▶ [DATA FOR THIS TASK]:
◇ ◇ ◇

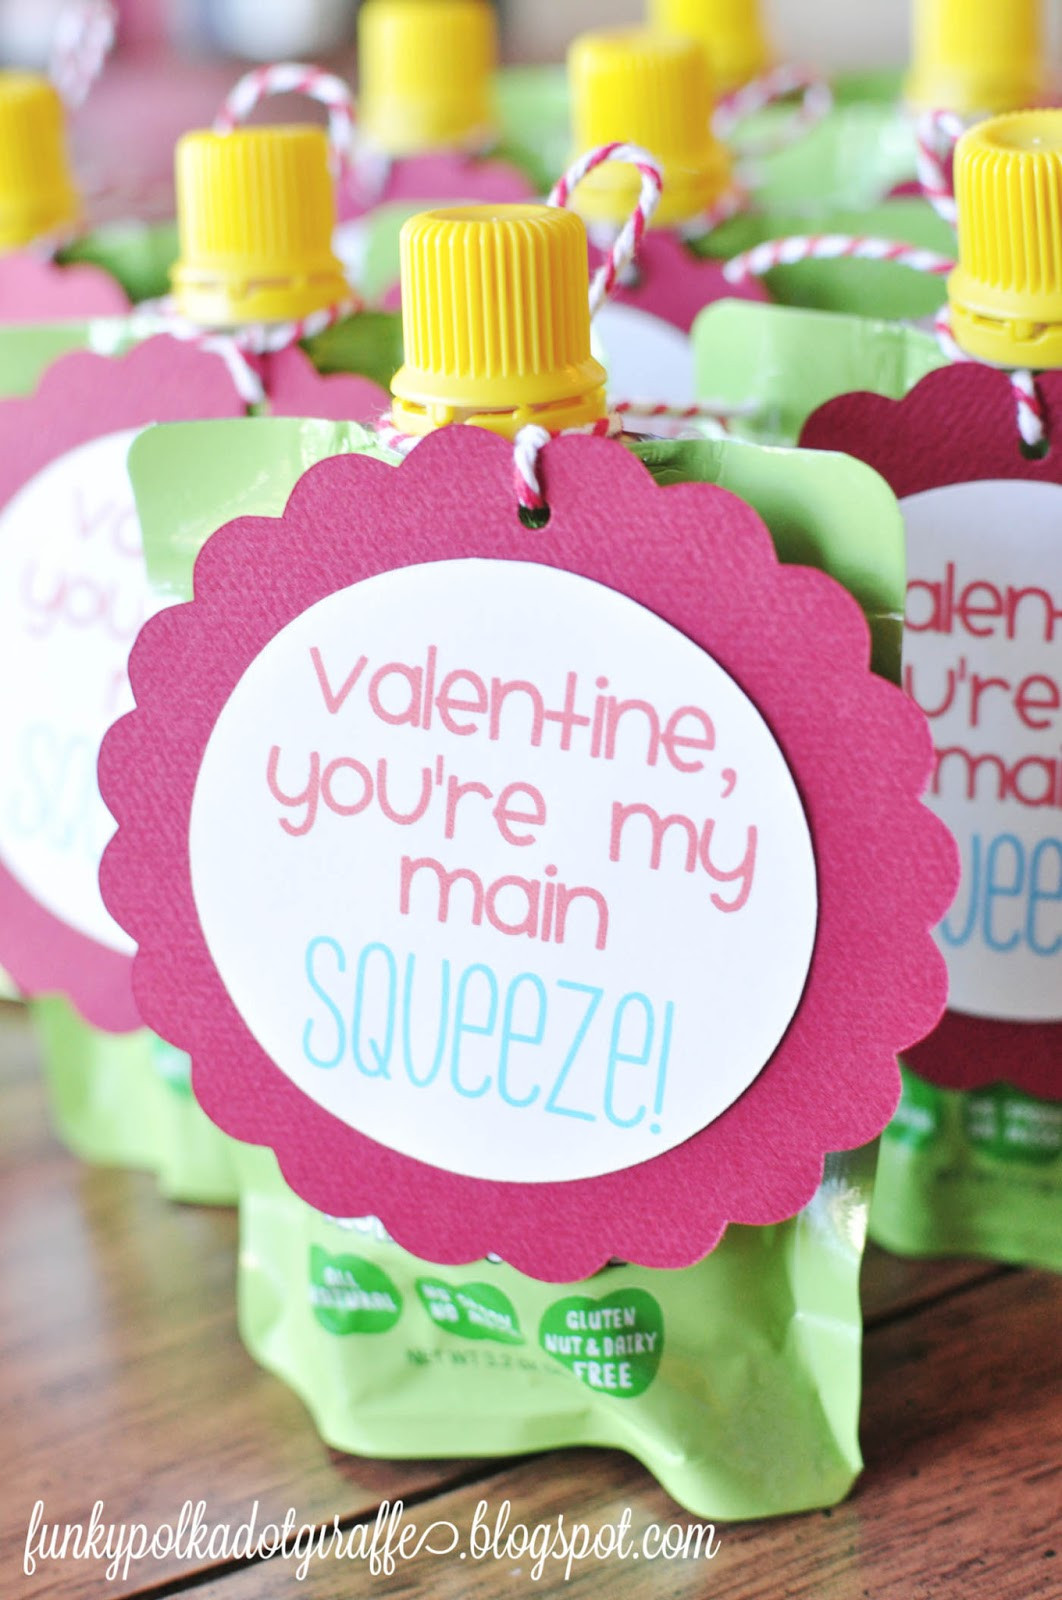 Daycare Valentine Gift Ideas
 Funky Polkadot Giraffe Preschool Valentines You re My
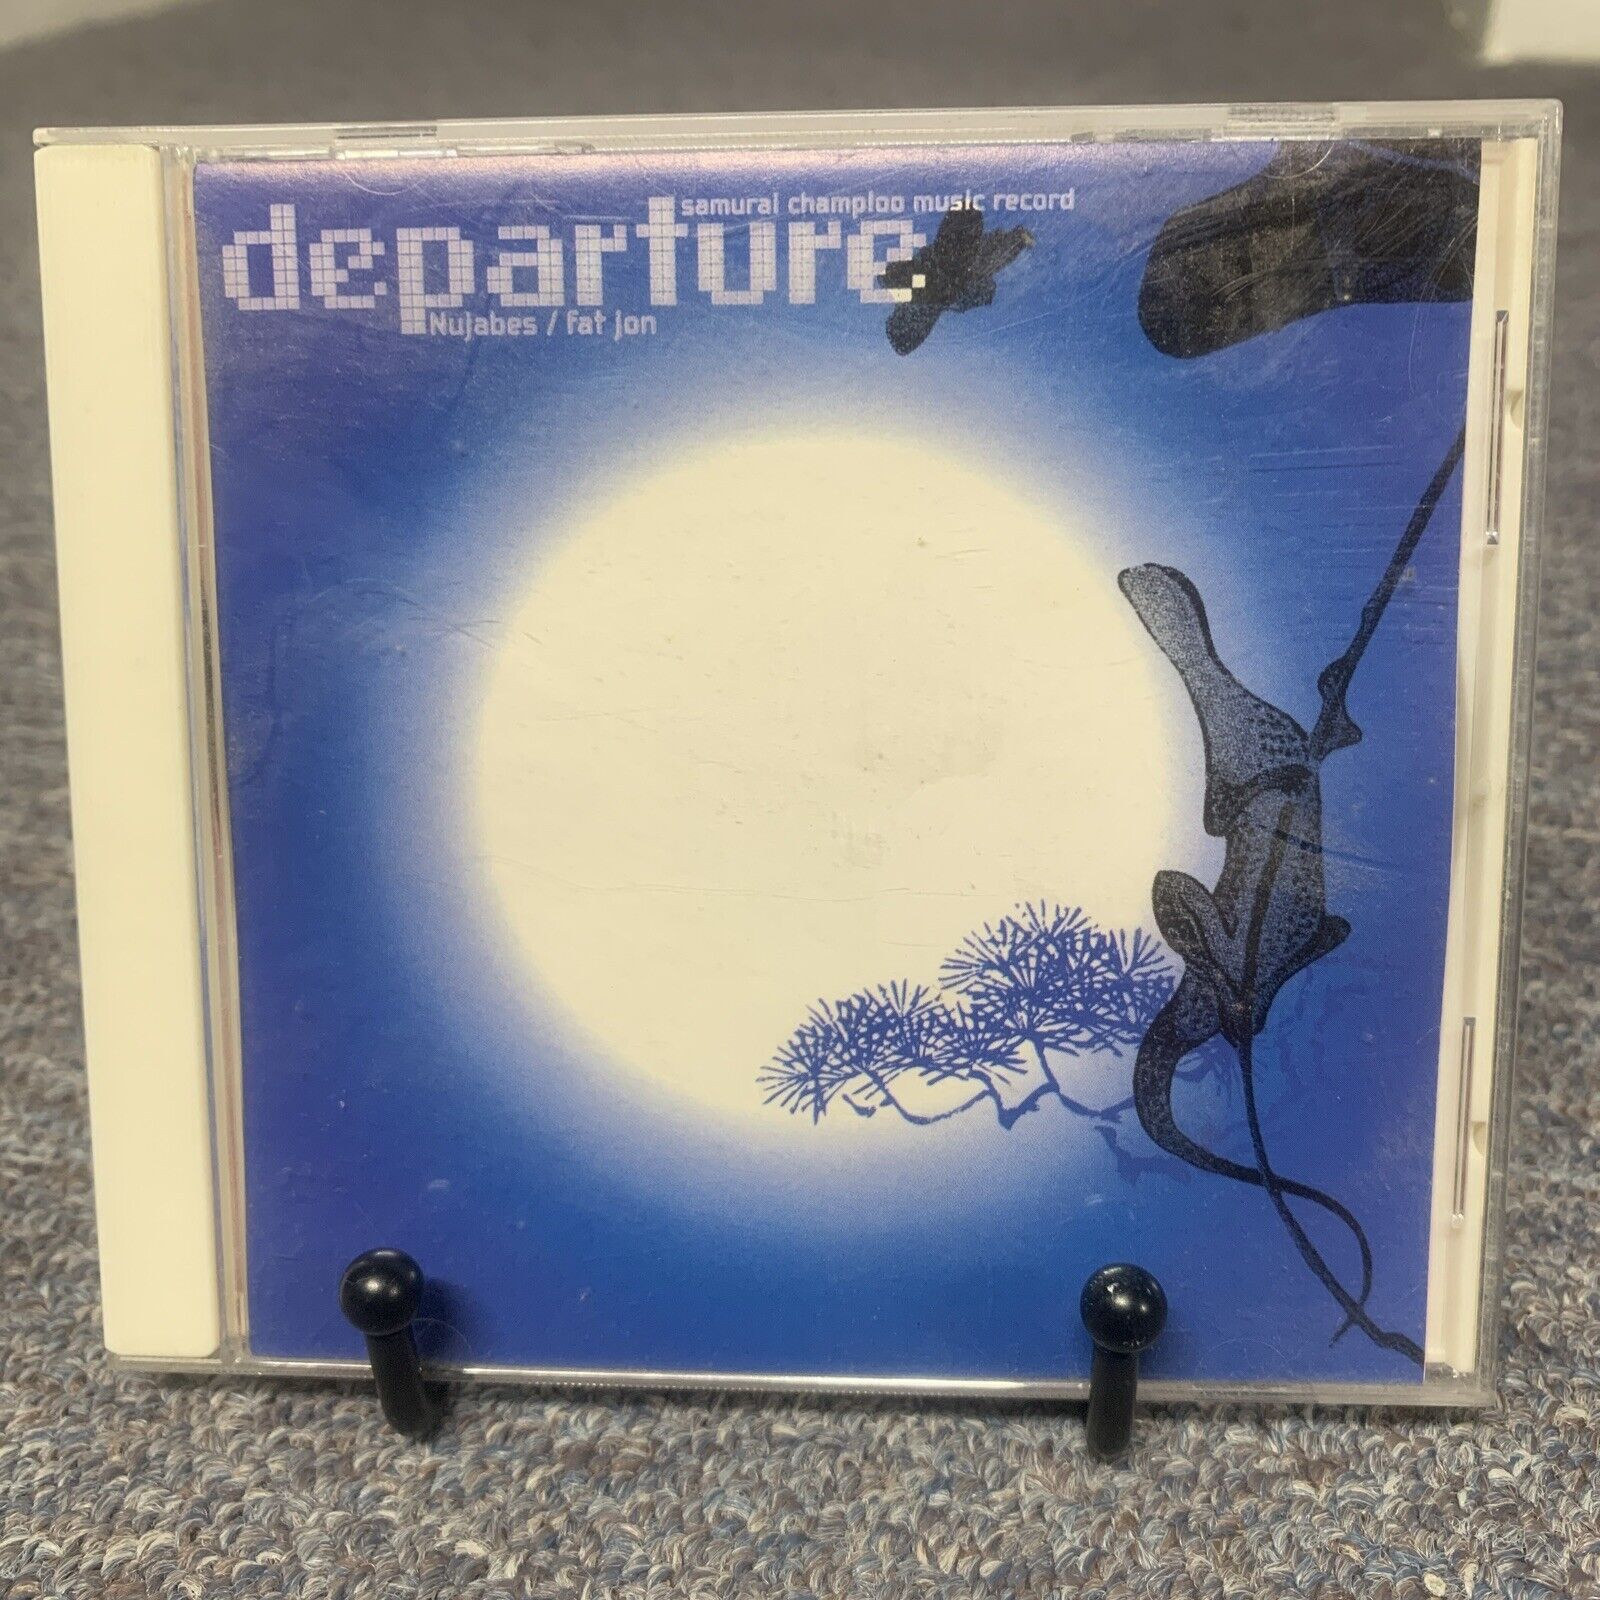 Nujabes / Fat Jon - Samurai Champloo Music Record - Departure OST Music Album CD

◇ ◇ ◇

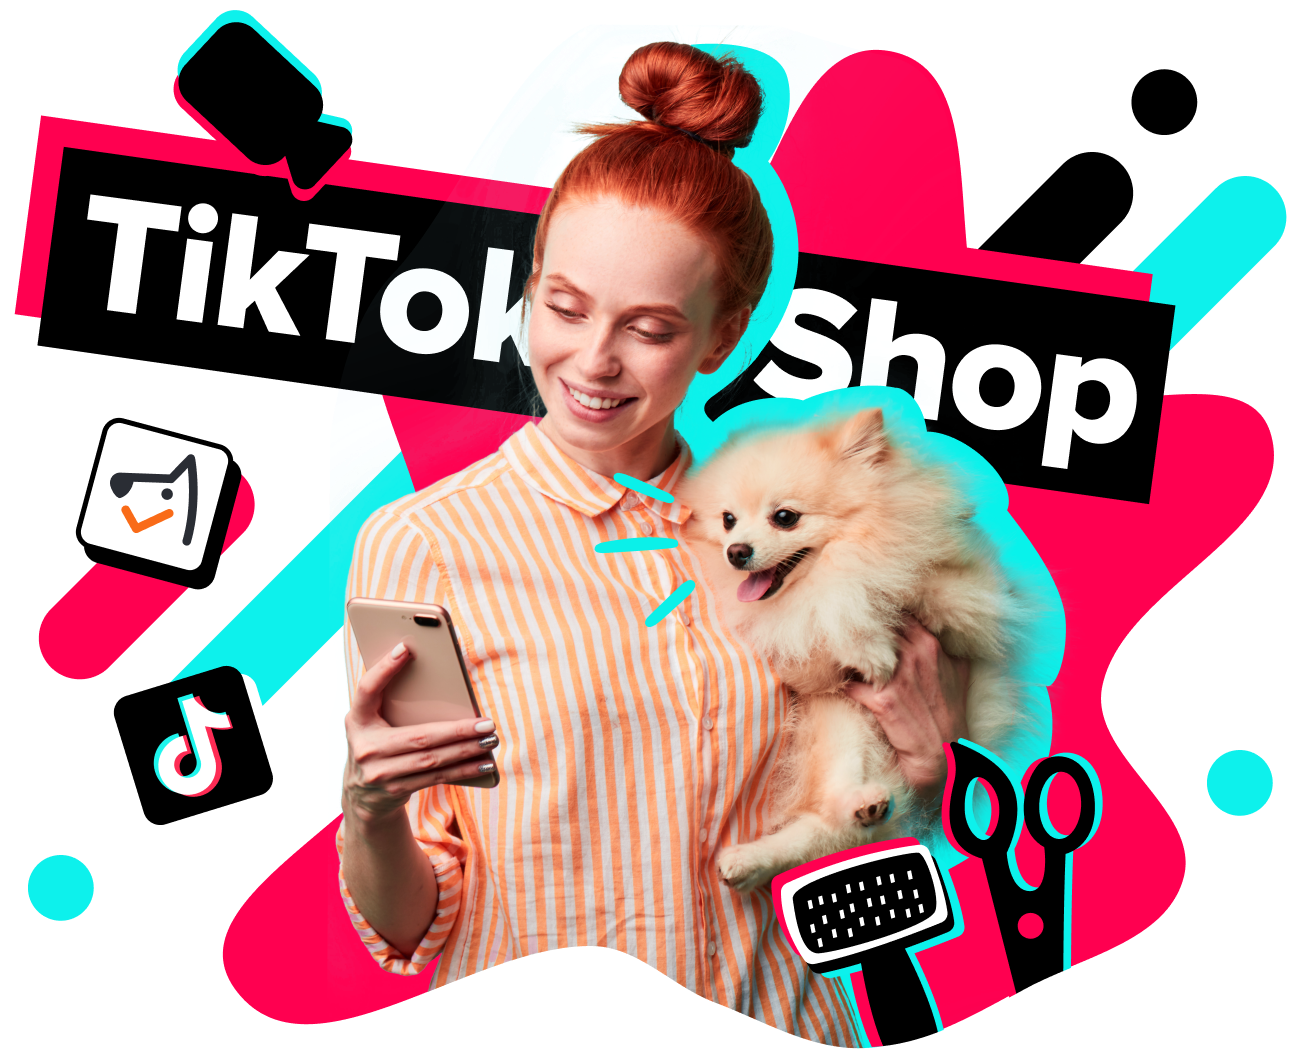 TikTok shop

◇ ◇ ◇

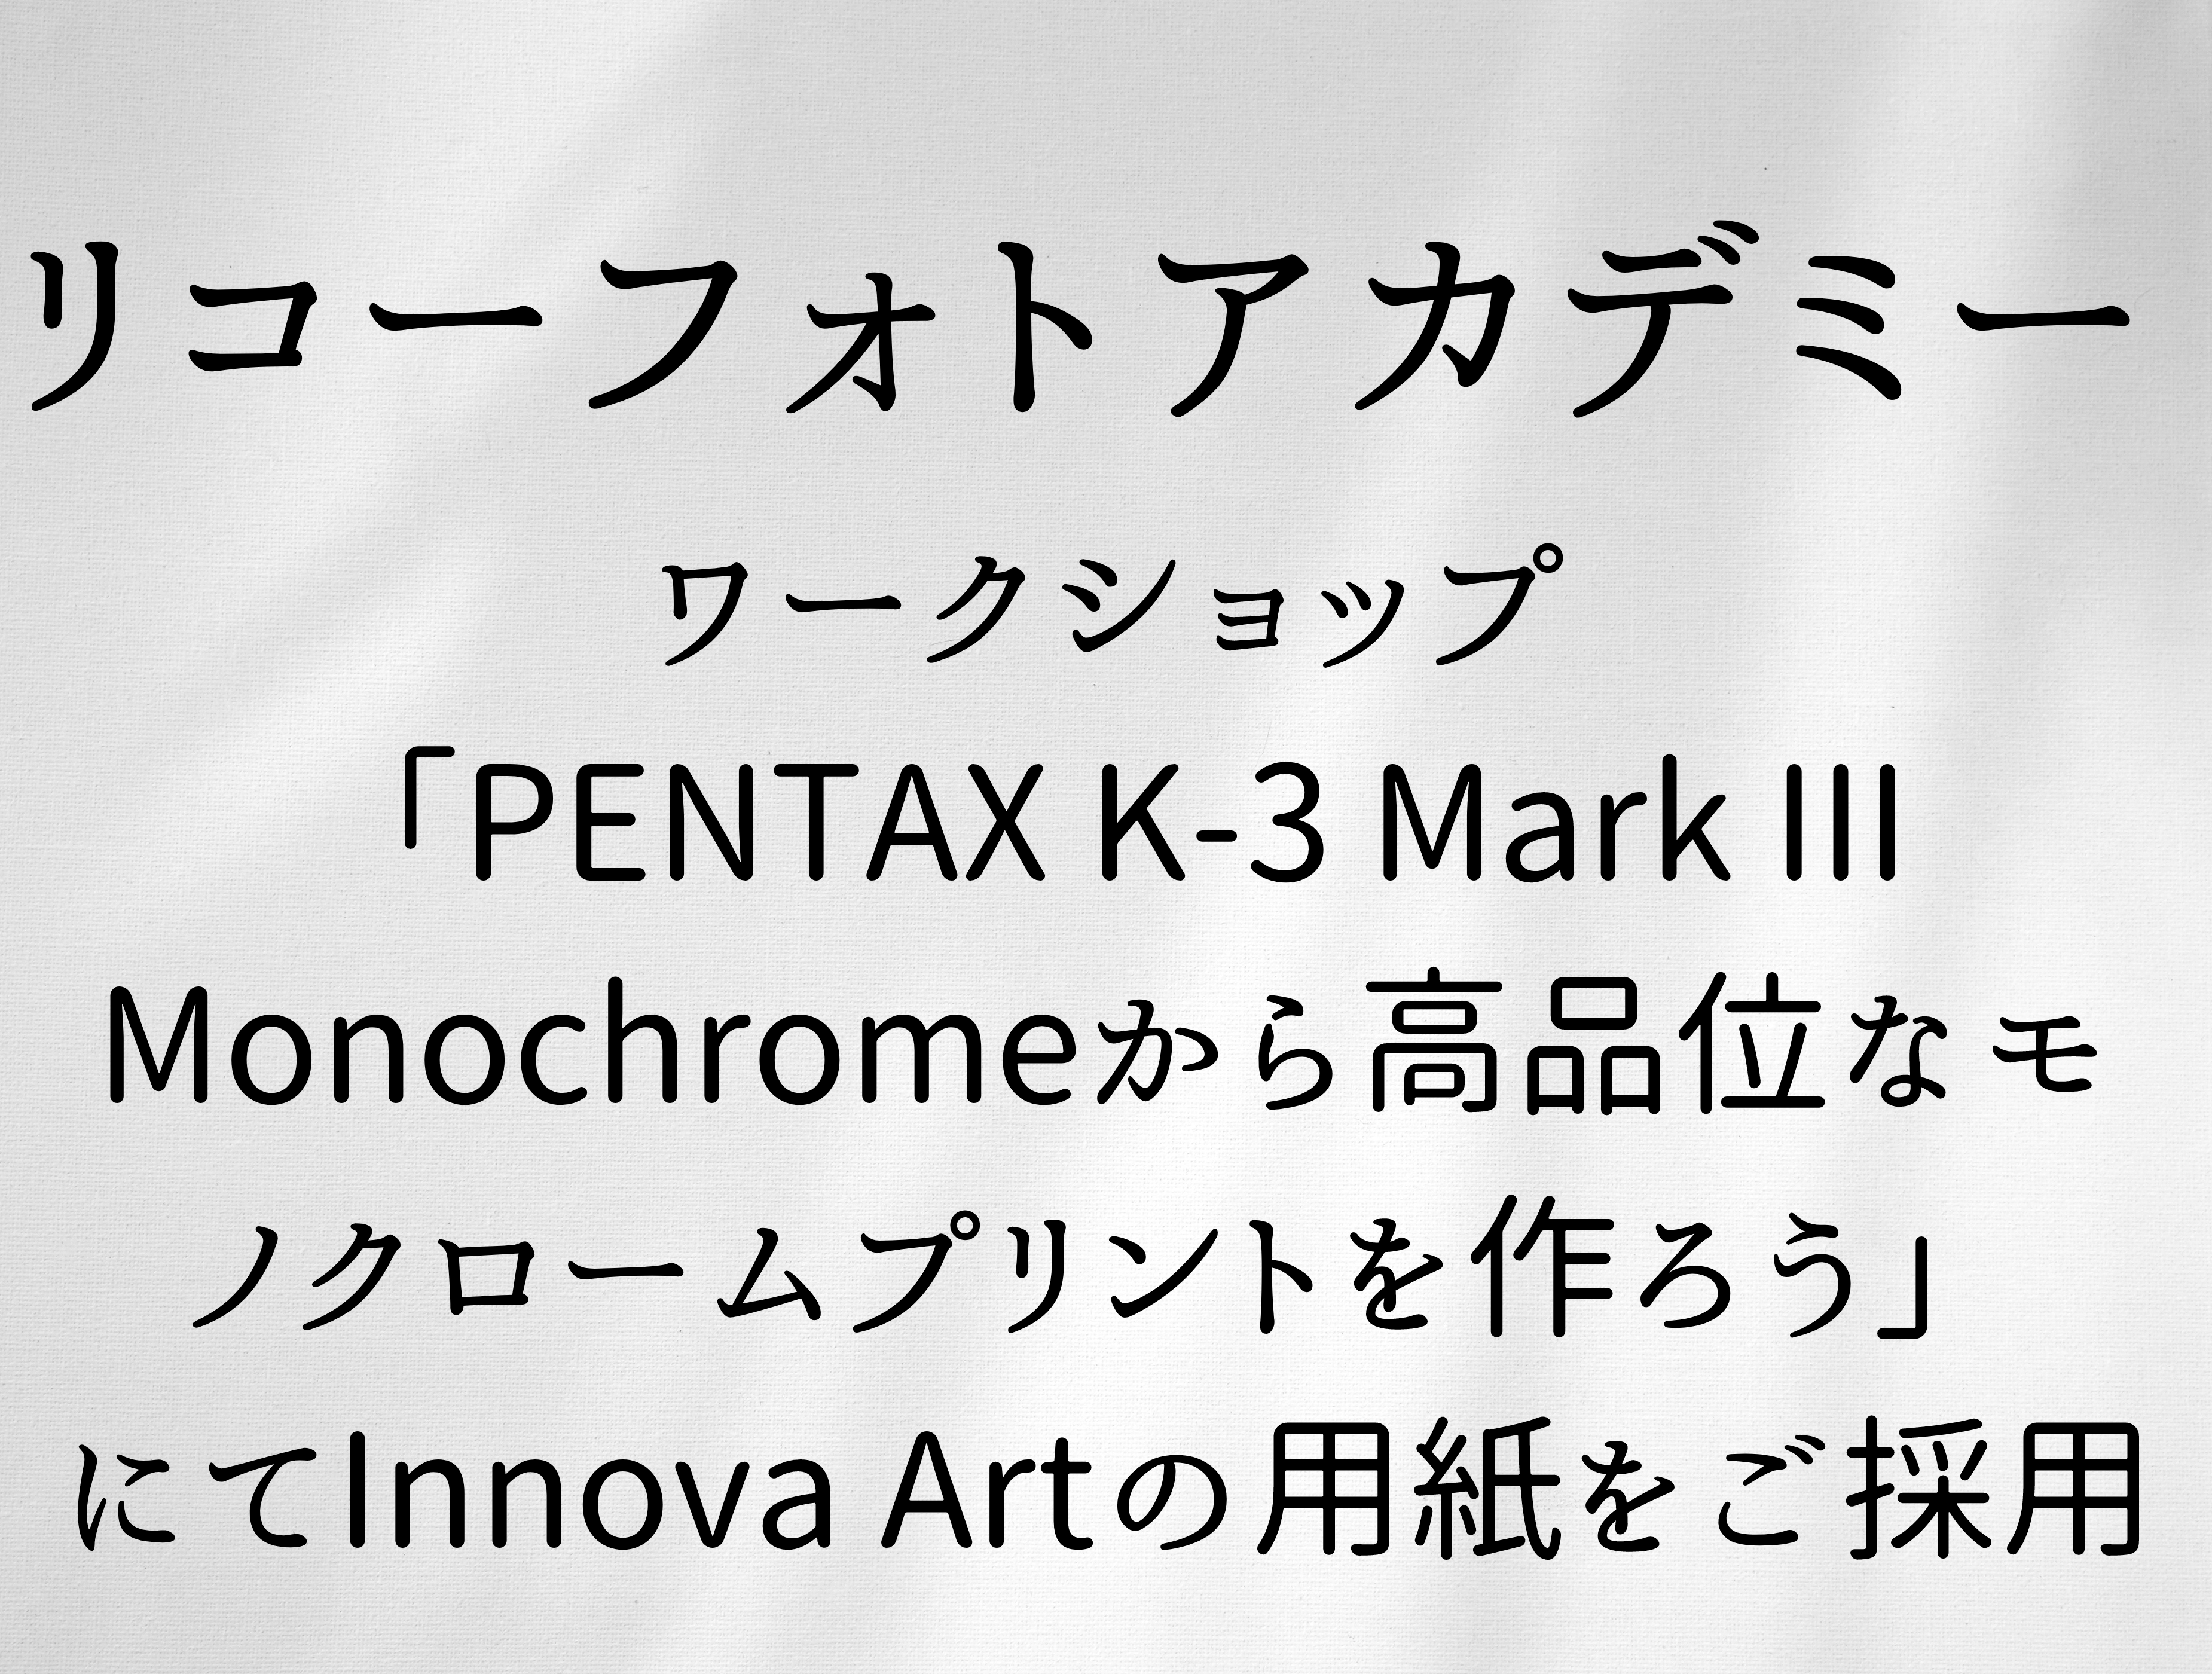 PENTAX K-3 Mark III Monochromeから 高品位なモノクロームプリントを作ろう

◇ ◇ ◇

▶ [TASK DESCRIPTION]: Output exactly the lines above that lie between the line with "Daycare Valentine Gift Ideas" and the line with "Nujabes / Fat", those two lines included, and no pictures.

▶ [ANSWER SPACE]:
 Daycare Valentine Gift Ideas
 Funky Polkadot Giraffe Preschool Valentines You re My
 Nujabes / Fat Jon - Samurai Champloo Music Record - Departure OST Music Album CD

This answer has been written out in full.